Segment Start: Data provided

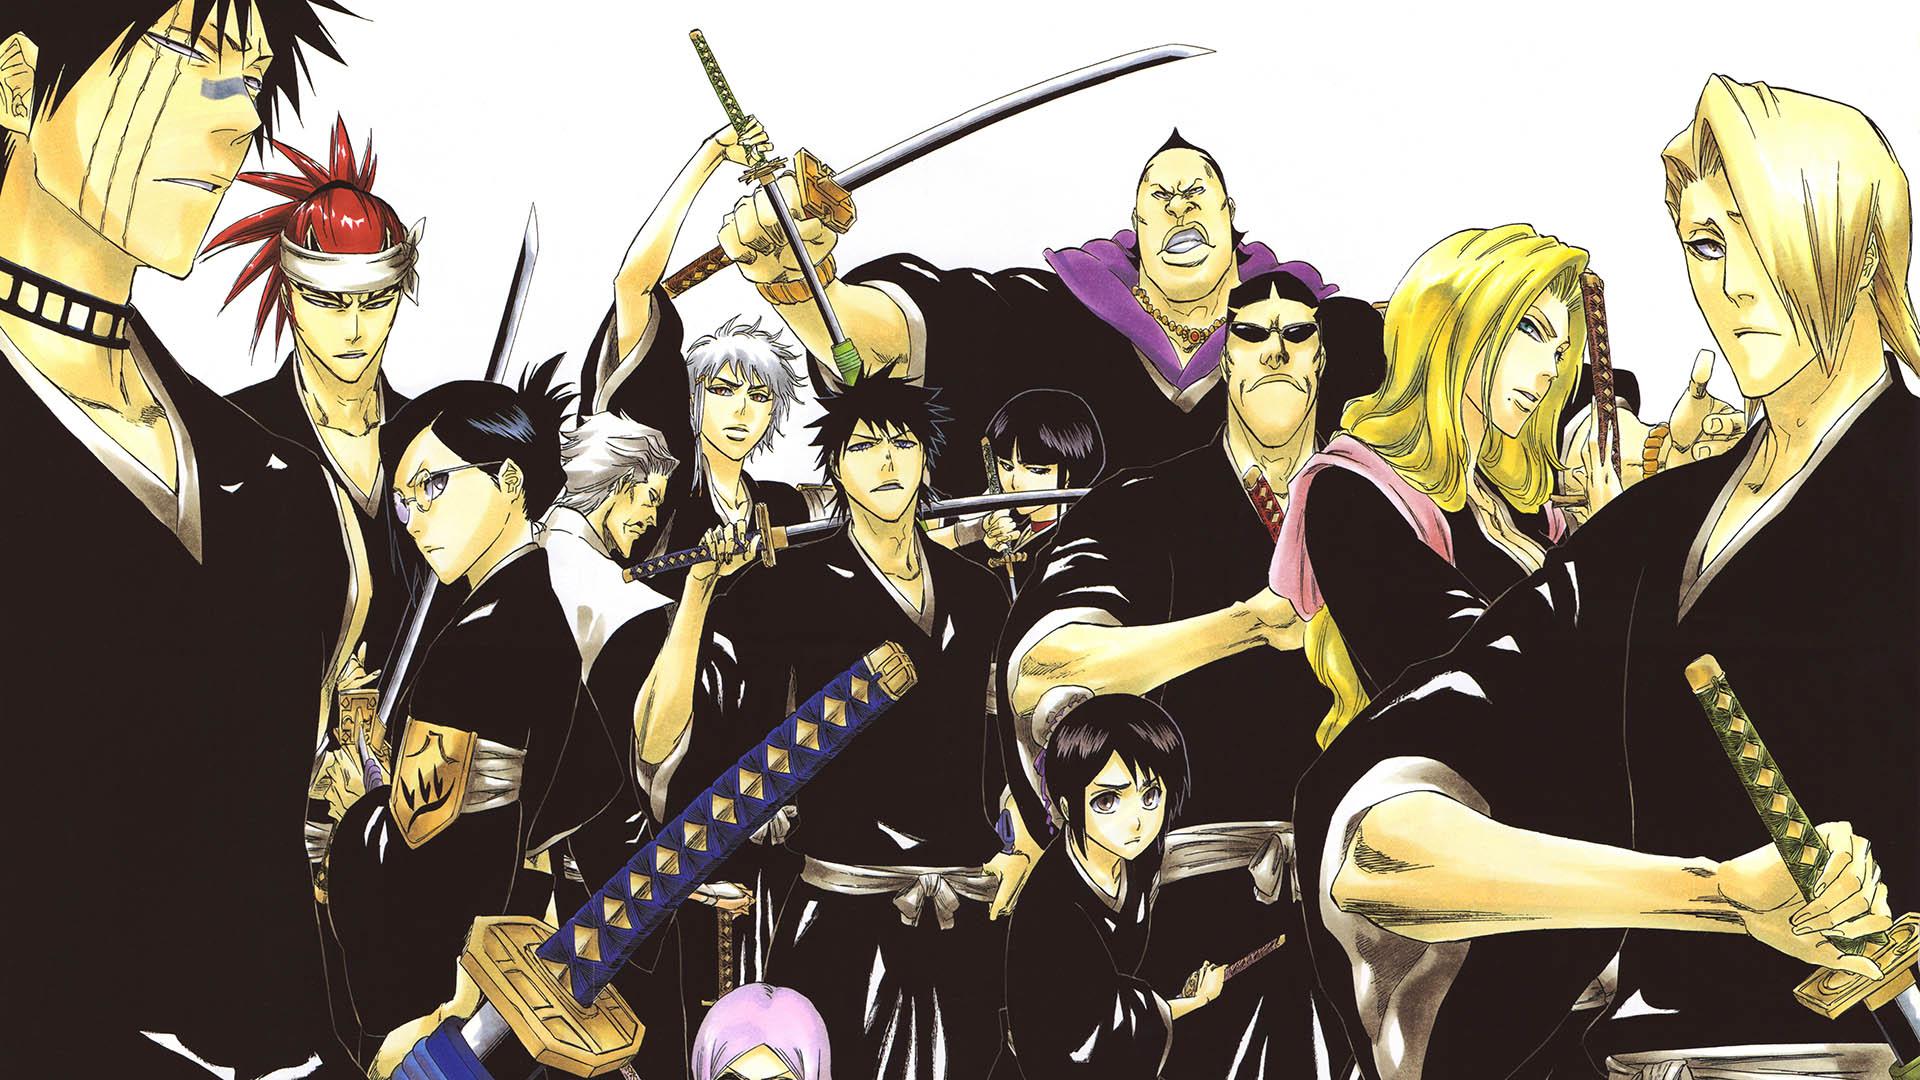 Il mondo degli anime e dei manga Anime-bleach-manga-01
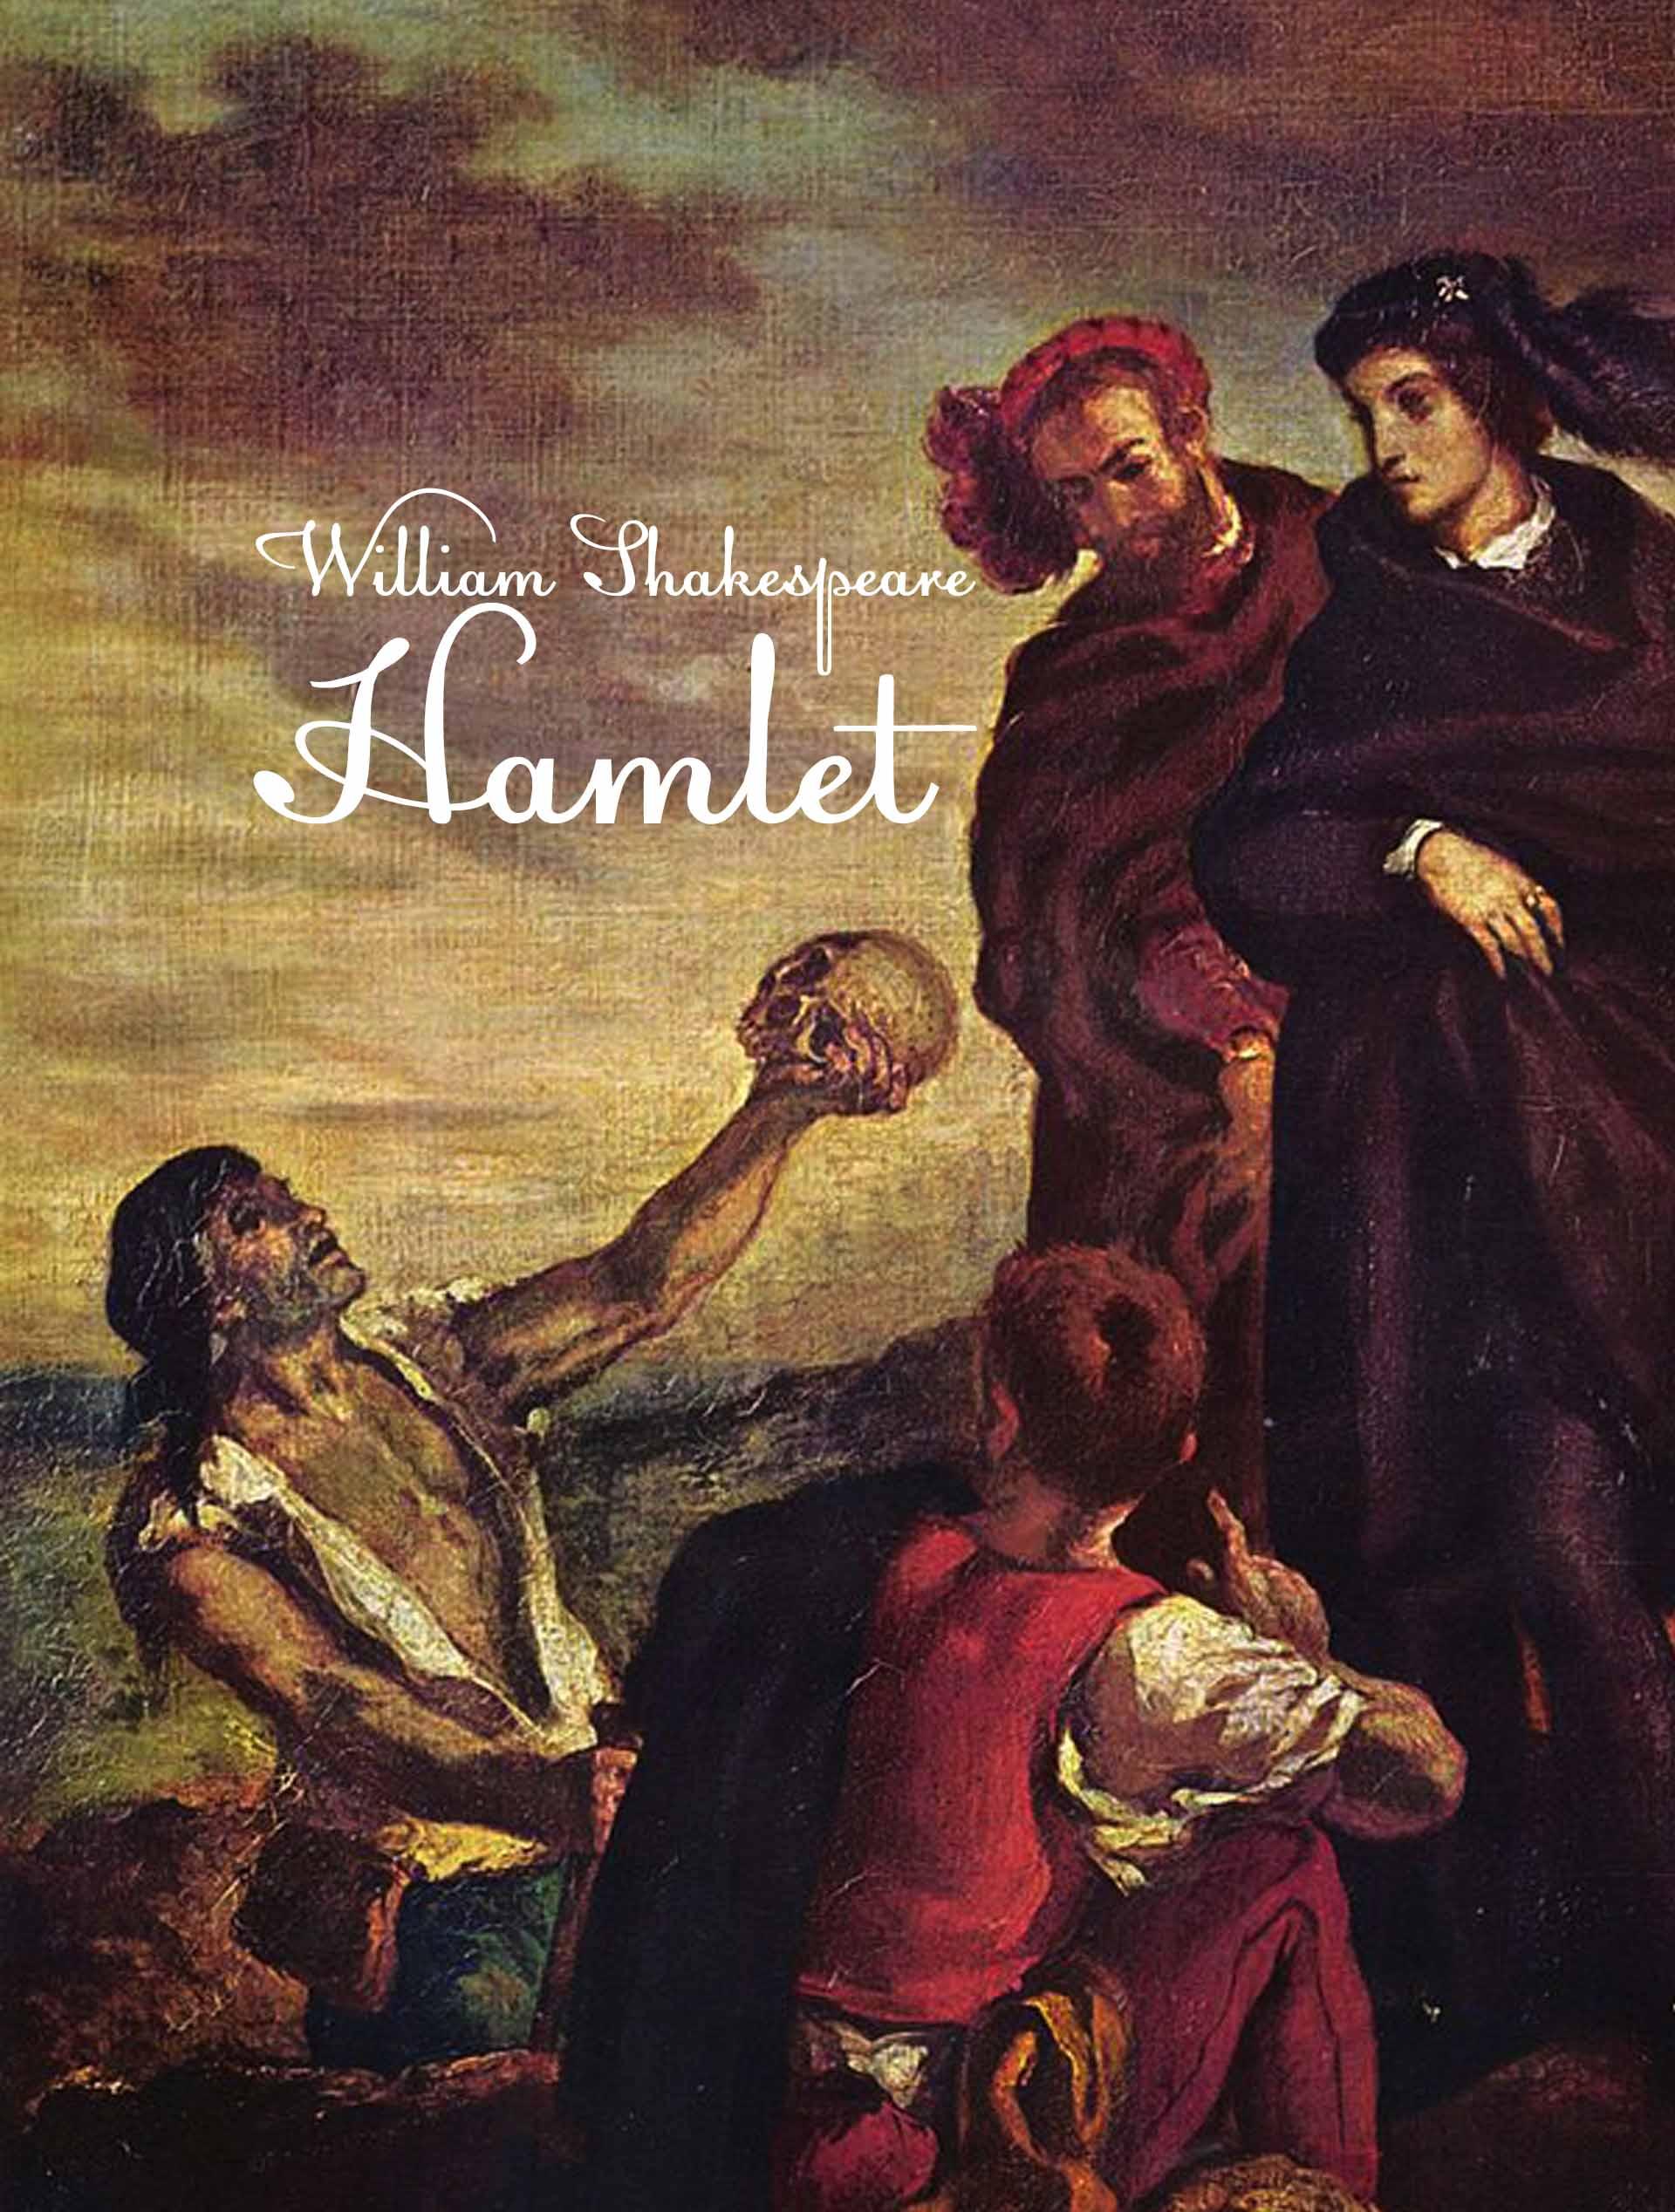 Revenge in the play hamlet by william shakespeare
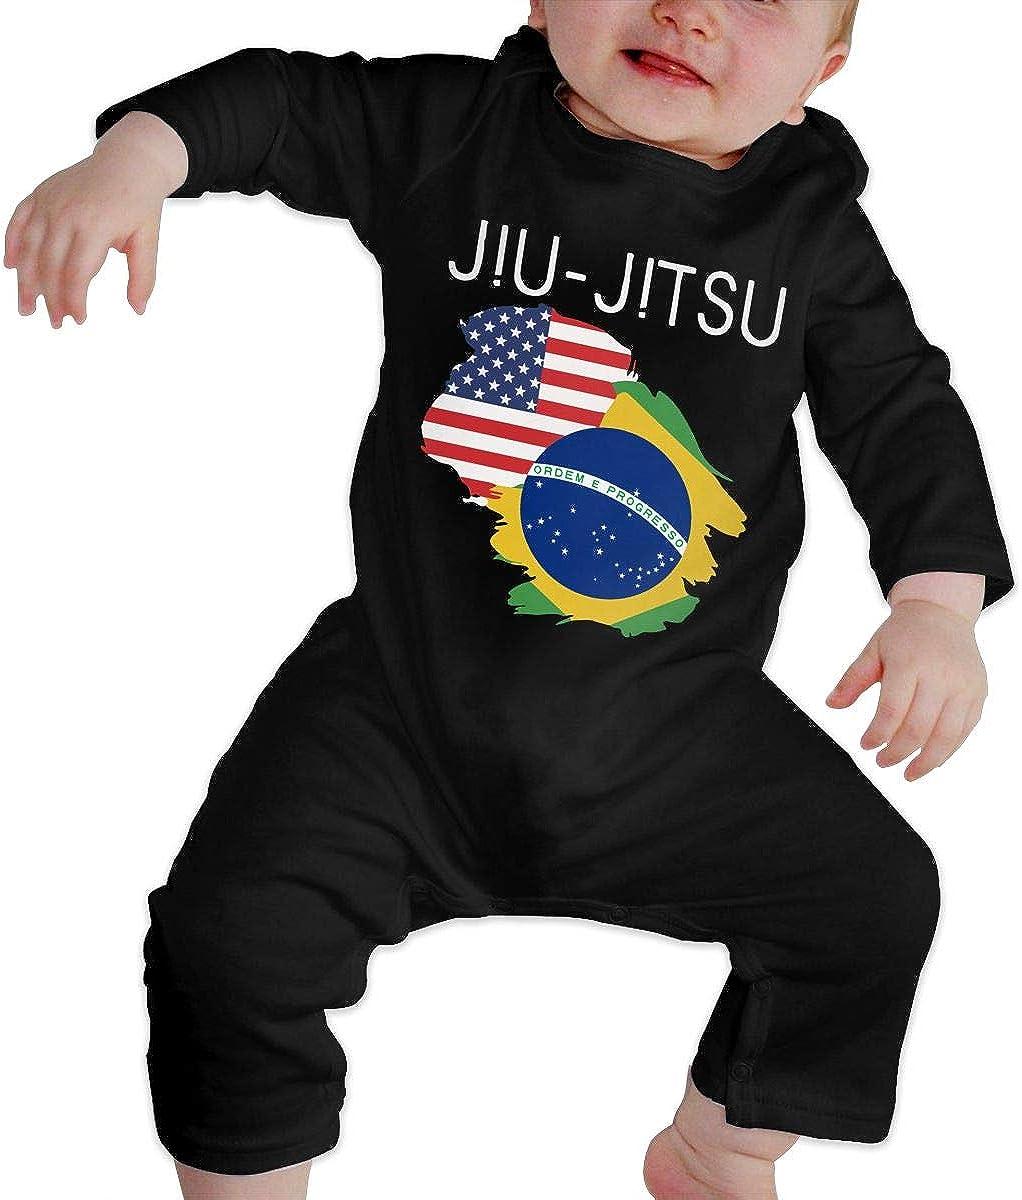 Jiu Jitsu USA Brazil Flag Organic One-Piece Bodysuits Coverall Outfits BKNGDG8Q Toddler Baby Boy Romper Jumpsuit

Segment End: Data provided

# [What needs to be done]
Retype the listing above exactly, please. Pictures do not belong in the copy.

# [Response to the task]
 Il mondo degli anime e dei manga Anime-bleach-manga-01
 Revenge in the play hamlet by william shakespeare
 Jiu Jitsu USA Brazil Flag Organic One-Piece Bodysuits Coverall Outfits BKNGDG8Q Toddler Baby Boy Romper Jumpsuit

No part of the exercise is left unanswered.